Гусман опустился перед священником на колени прямо в грязь и начал:
– Каюсь, отче, ибо грешен я…
– Эту часть можно пропустить, со мной необязательно, – перебил дон Бальзал. – Давайте сразу к делу.
– Я допустил, чтобы моя мать умерла в приюте для умалишенных, я стал причиной смерти священника, выдав его убежище службе безопасности, из-за меня убили проститутку, а потом и ее убийцу, я закрыл многие школы, я продал монастырскую галерею под супермаркет, от меня родила моя служанка, я прятался от набожных вдовиц, чтобы их не благословлять, часто я очень плохо обращался с Консепсион и разбил ее подарок, по собственному недосмотру я потерял единственного сына, я плохо выполнял свои обязанности.
– Я и не знал, что у нас есть супермаркеты, – сказал дон Бальзал.
– Мои грехи непомерно тяжелы, отче.
– Скажи, сын мой, все, что ты тут наговорил, – это правда, или тебе вдруг приспичило неуместно пошутить?
– Отче, это правда. Прости мне, отче.
Дон Бальзал сурово посмотрел на коленопреклоненного Гусмана:
– Как человек я считаю, тебя надо пристрелить. А как священник я тебя прощаю. Иди и боле не греши.
– А епитимью вы не наложите?
Дон Бальзал поскреб щетину на подбородке и посмотрел на солнце, что поднималось над девственными снегами горной цепи.
– Посвяти остаток жизни чему-нибудь полезному. Вот ты говоришь, потерял ребенка, – так отыщи чужих потерявшихся детей. Ты забрал жизнь – теперь дай ее. Ты продал то, чего нельзя было продавать, – теперь купи другому то, в чем сам не нуждаешься.
49. предостережение Парланчины
Кармен проснулась раньше мужа и выбралась из гамака. Не спалось – ее тревожило что-то неопределимое. Словно чей-то голос настойчиво шептал в ухо. Солнце отважилось выйти над горизонтом, и, казалось, все обитающие под балдахином джунглей звери наперегонки радуются и трепещут перед наступающим днем жизни.

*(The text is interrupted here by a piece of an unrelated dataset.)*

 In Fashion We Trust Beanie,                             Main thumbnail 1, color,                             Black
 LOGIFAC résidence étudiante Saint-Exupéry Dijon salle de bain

Поблизости орал выводок обезьян-ревунов, кашлял ягуар, настраивали свою лесопилку сверчки, а меж деревьев летела стая алых попугаев-ара, ежедневно посещавших глинистые отмели, чтобы наглотаться каолину – противоядия к ядовитым плодам, которыми питались.
Веером из пальмовых листьев Кармен раздула тлеющие угольки в очаге и прямо на них поставила горшочек с кофе. Присев на корточки, погрела руки у огня, потом нарезала подорожник – пожарить к завтраку. Выйдя из хижины, Кармен бросила обрезки свинье, та с хрюканьем тяжело поднялась и благодарно их проглотила. не жуя. Кармен пальцами расчесала белоснежные волосы, изгоняя из них ночь, и прошла к поляне перед хижиной? где была могилка Парланчины. Оправляя прутики и цветочки, Кармен разговаривала с дочерью.
– Ну, как ты, Гвубба? – говорила она. – Вот почему ты к Аурелио приходишь, а ко мне – нет? Дочка, что-то у меня на душе неспокойно. Может, сходишь к Аурелио, объяснишь ему, что это, а он мне передаст, вот я и пойму, в чем дело? Что-то не так, слишком уж все спокойно. На свете ничего не происходит или это я сама умерла, а, Гвубба?
Кармен задумалась, глядя на могилу, где белые косточки красавицы-дочери перемешались с костями Федерико и ручного оцелота; в лесу кричала птица – похоже на смех Парланчины в те дни, когда она была живой и болтала без умолку. Глаза заволокло грустью, никогда не покидавшей Кармен, хоть она и знала, что Парланчина вышла за Федерико и родила ему ребенка.